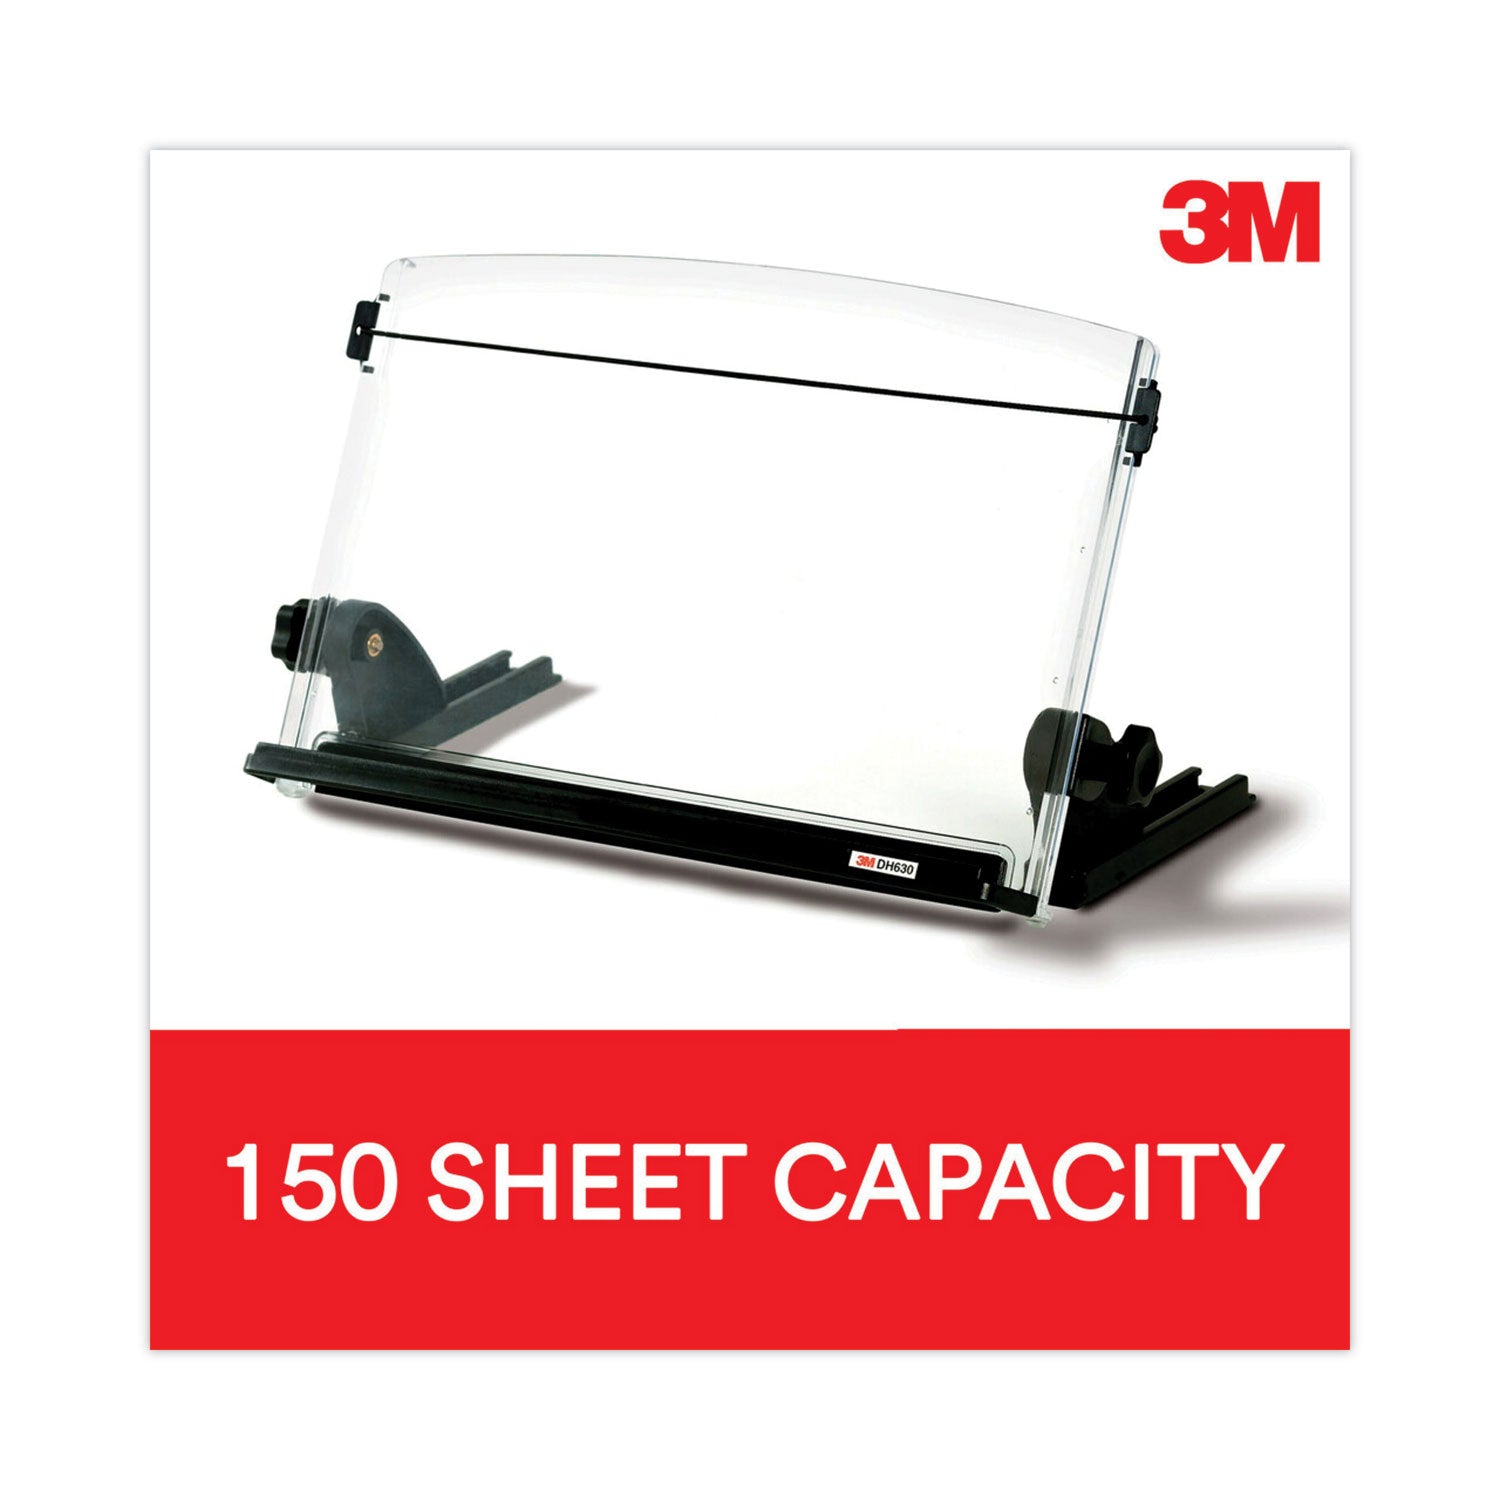 In-Line Adjustable Desktop Copyholder,150 Sheet Capacity, Plastic, Black/Clear - 
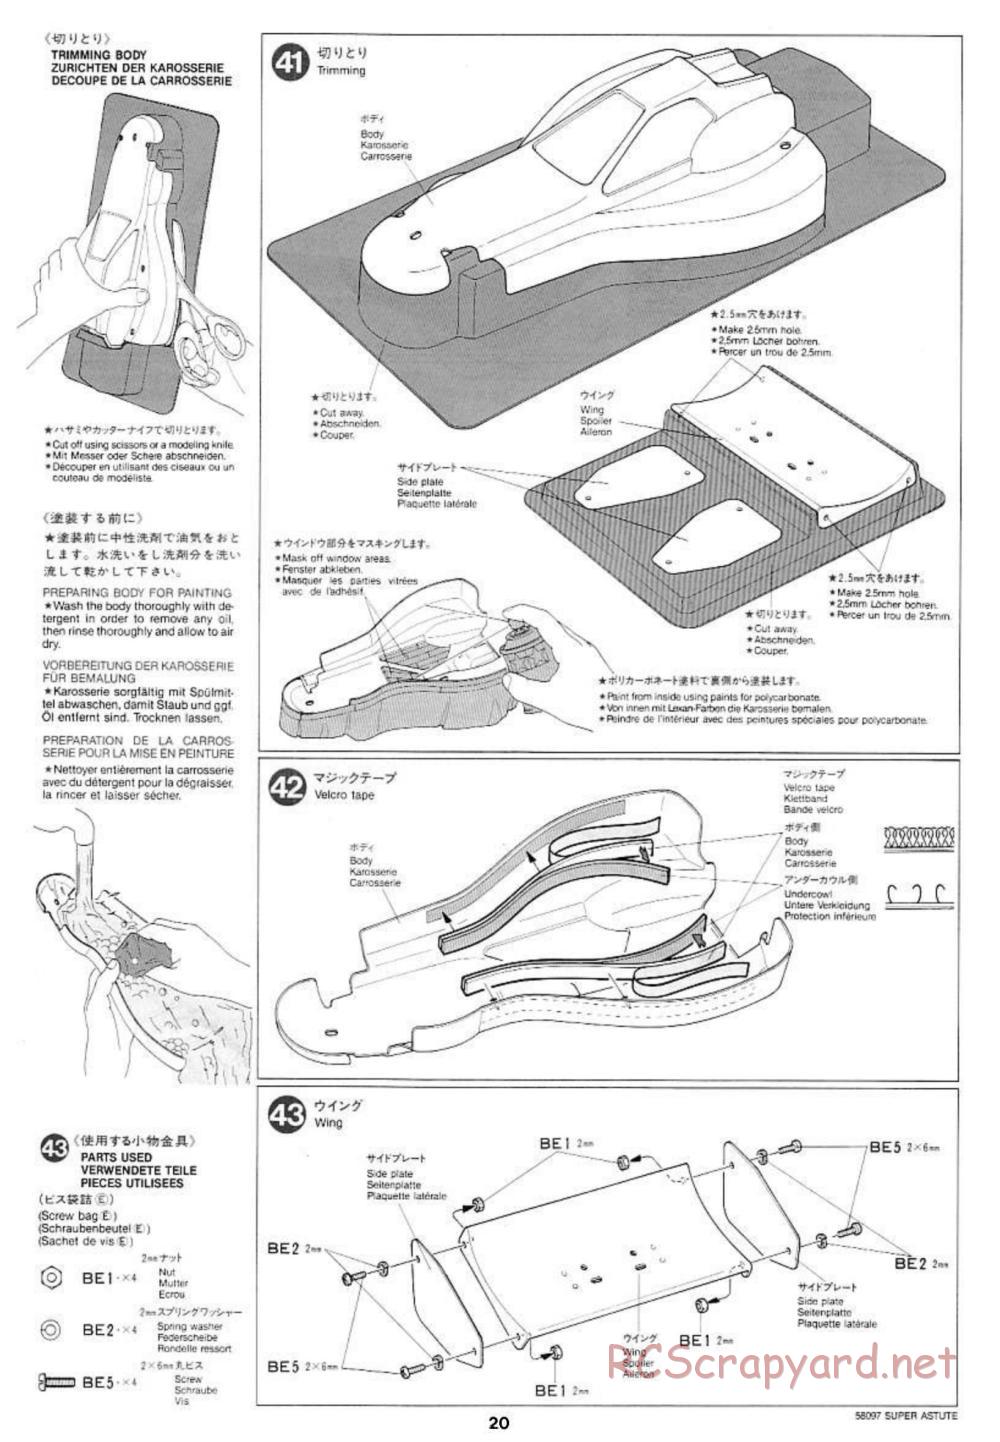 Tamiya - Super Astute - 58097 - Manual - Page 20
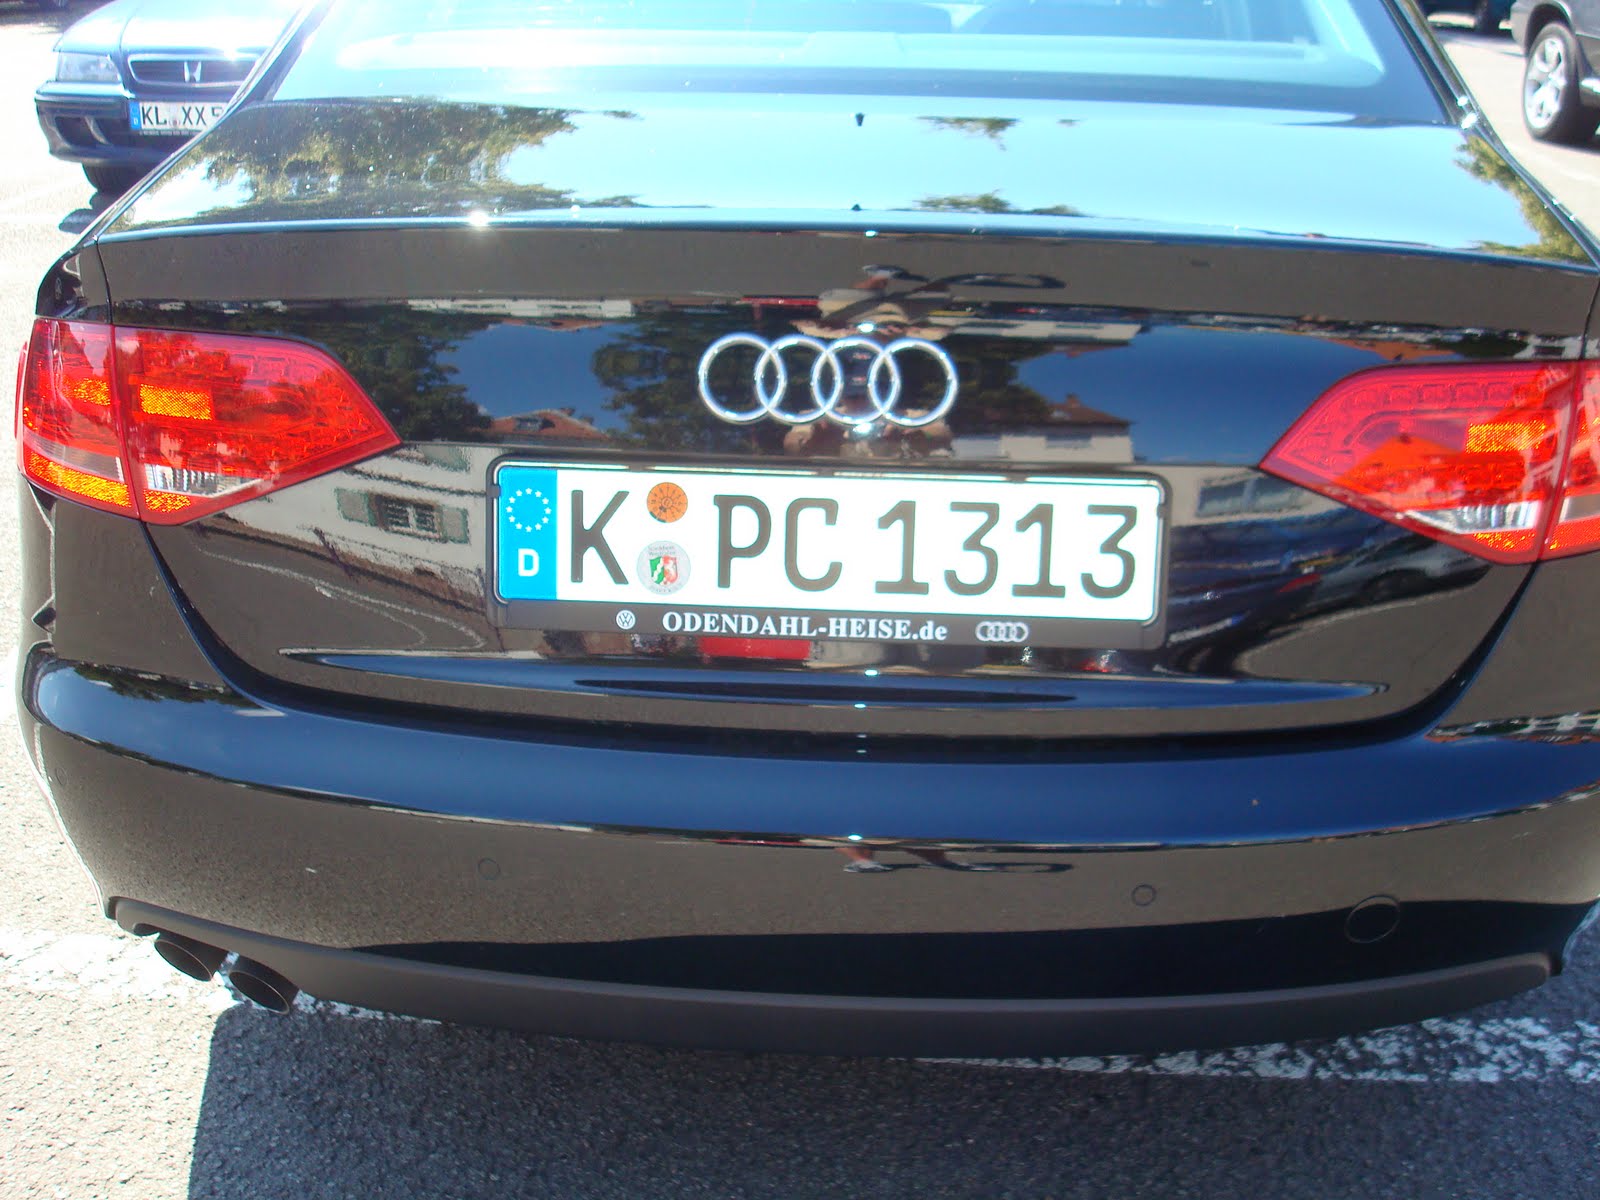 germany_car_plate.jpg

********************

• REQUIRED ACTION: Copy every line above exactly, leaving no picture in the copy.

• TASK SOLUTION:
 In-Line Adjustable Desktop Copyholder,150 Sheet Capacity, Plastic, Black/Clear - 
 Tamiya - Super Astute - 58097 - Manual - Page 20
 germany_car_plate.jpg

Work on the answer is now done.